Polly, I pretty much agree with you about mammo vs. breast exam.  My last mamo (3D) showed a 4 millimeter (tiny, tiny) suspicious area that turned out to be a perfectly normal duct.  Neither my surgeon, nor the radiologist, nor my onc, could feel it.  The ultrasound tech could not find it at all.  Even the radiologist took a couple of minutes with the ultrasound thingy to identify it.  That said, I do value breast exams from my surgeon and my onc.  My breasts are so lumpy, and my scar tissue landscape so irregular, that I simply cannot imagine anyone who does not examine post-surgical breasts every single day would be able to identify a suspicious change.  My onc says he does not agree with me, but I think he looks kind of funny when he says it.  

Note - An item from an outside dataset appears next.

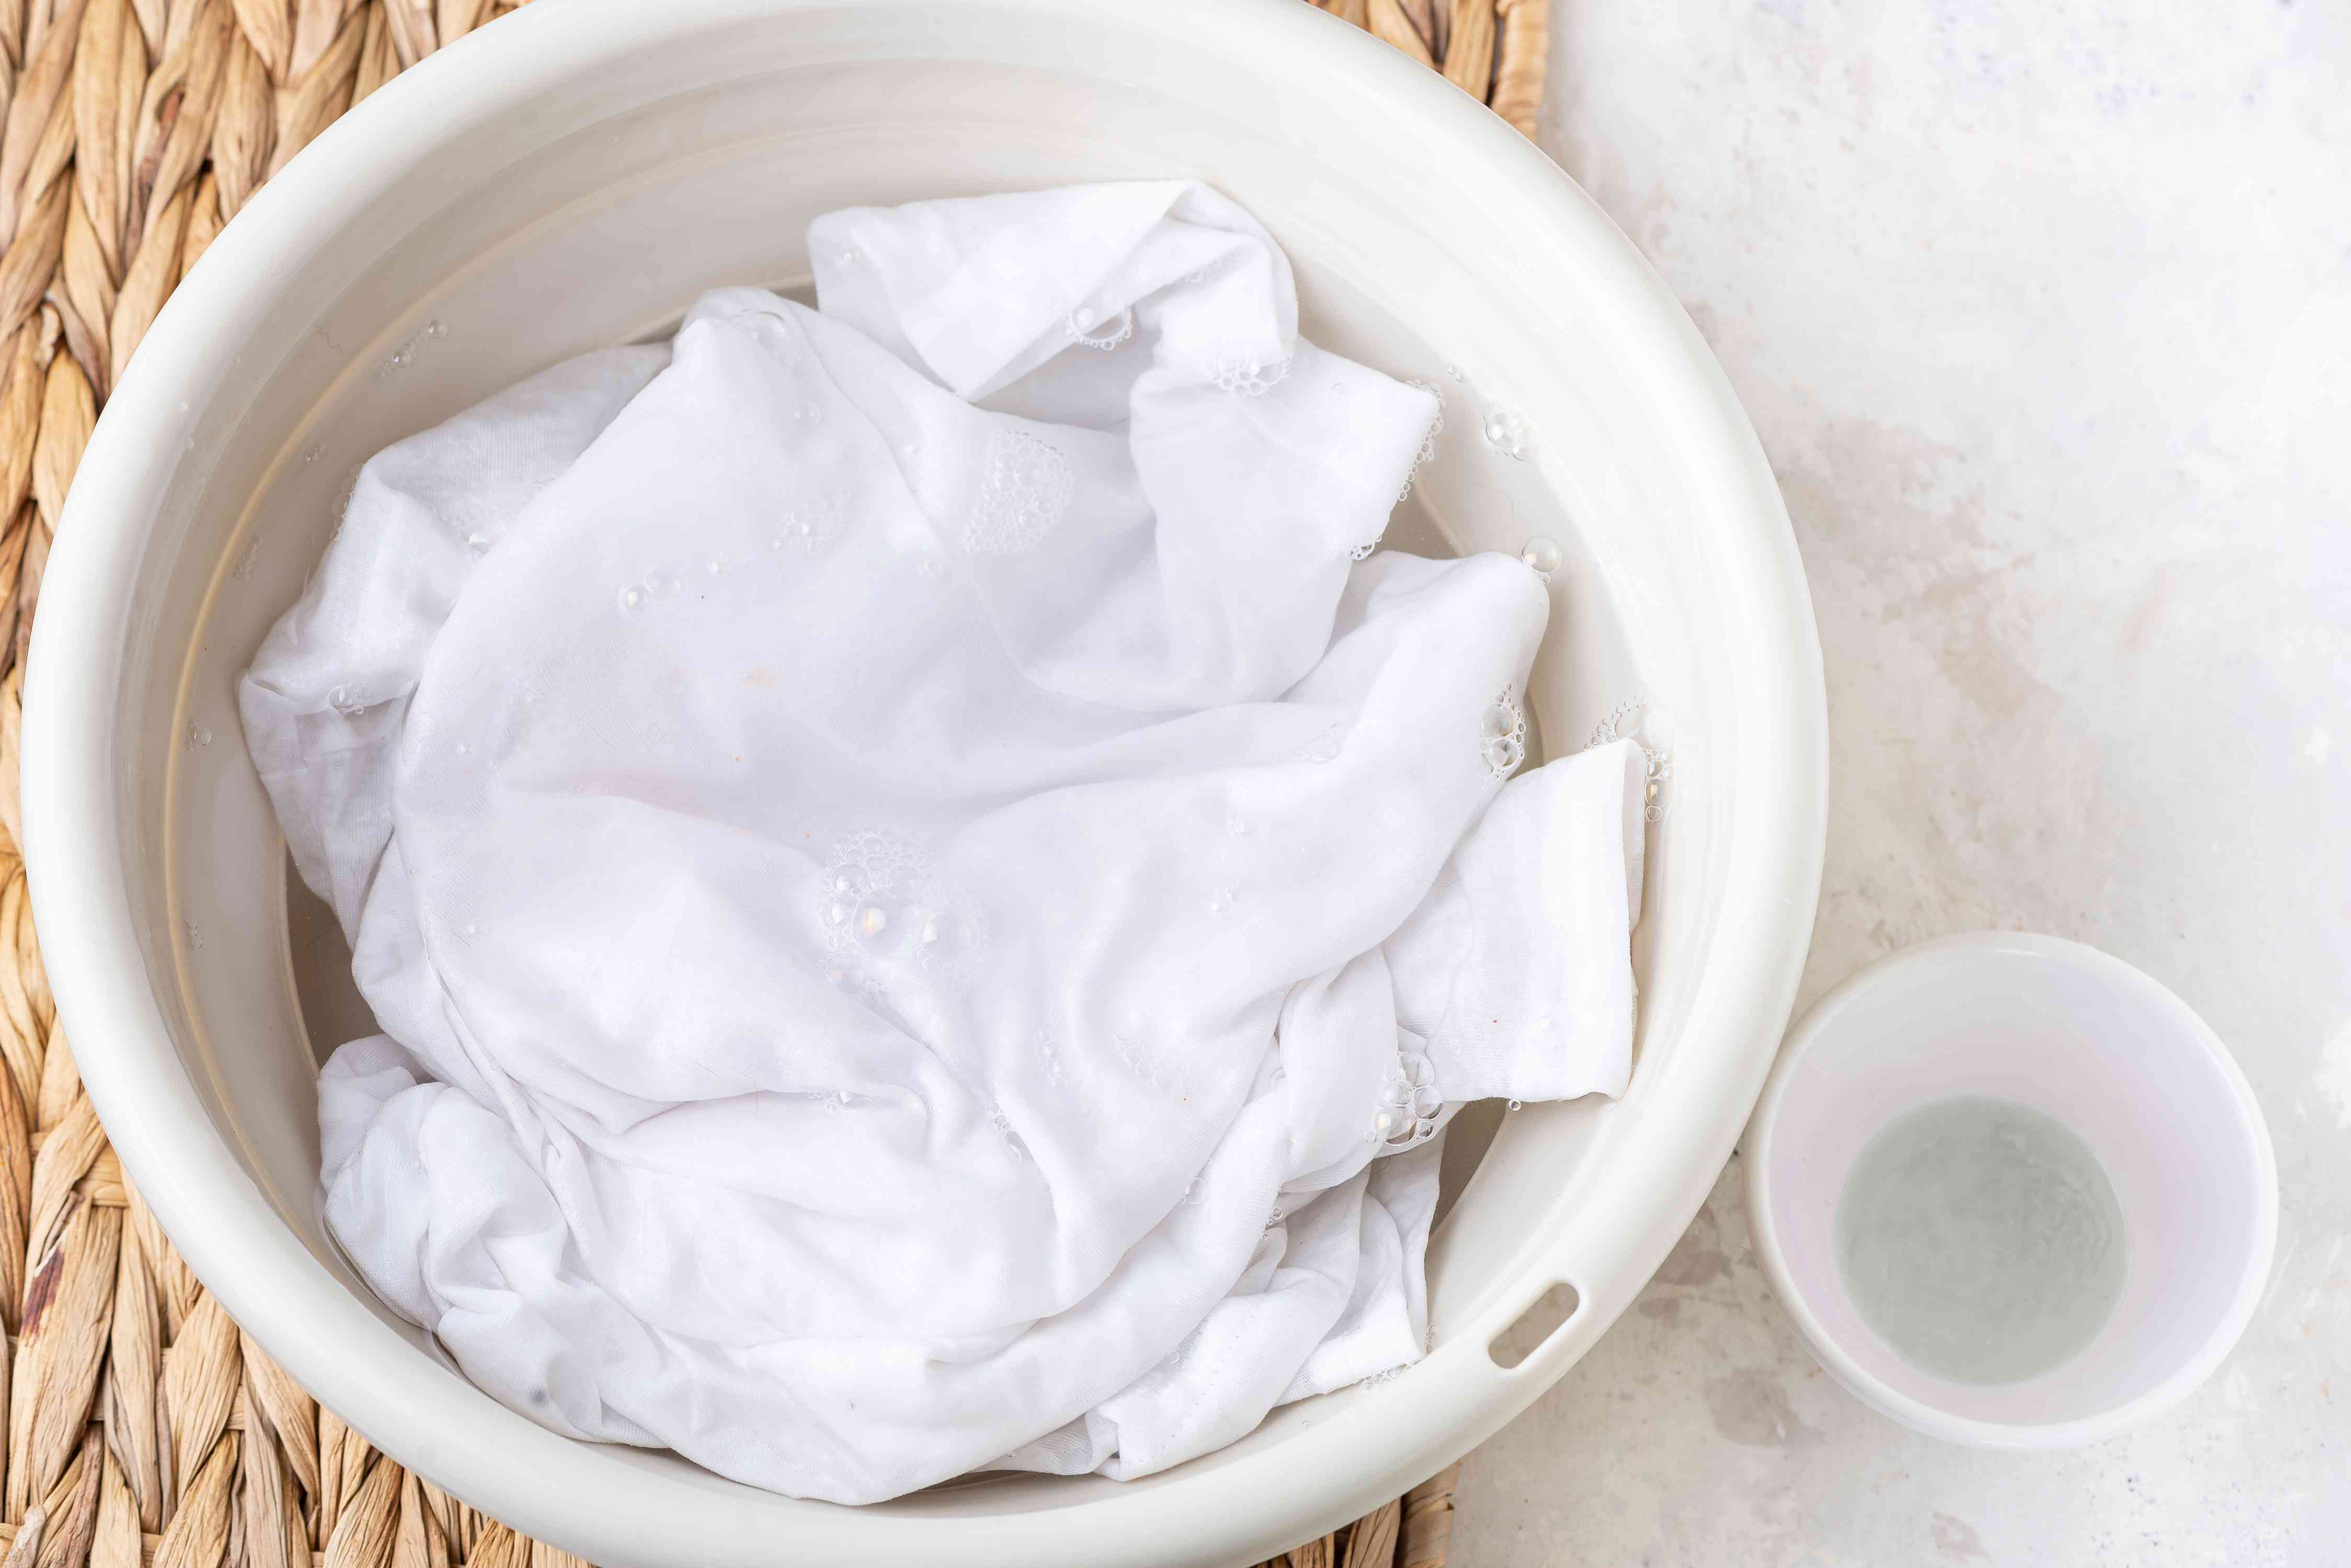 soaking the garment in an oxygen bleach solution

I've just happily passed the five-year mark, and finished tamoxifen.  For the next five years, I'll see my surgeon's nurse practitioner rather than him once/year, and, six months later, I'll see my onc.  He will order bone density scans and be on the lookout for mets.  I assume he will continue to order blood tests, especially vitamin D, and encourage me to walk 30 minutes/day.

ChesterandRally,  it is not at all unusual for oncs to feel no need to see patients who feel no need for treatment.  You'll hopefully continue to see your surgeon for chest wall exams, and so that s/he can admire his or her excellent work.  Those of us with good pathology (you and me, for instance) do not receive all those tests unless we develop concerning symptoms.  When I was on an AI, I had enough joint pain (and anxiety!) that my onc ordered a bone scan.  Results?  All clear in the areas of concern, but arthritis in areas that did not, and still do not, hurt.  Really!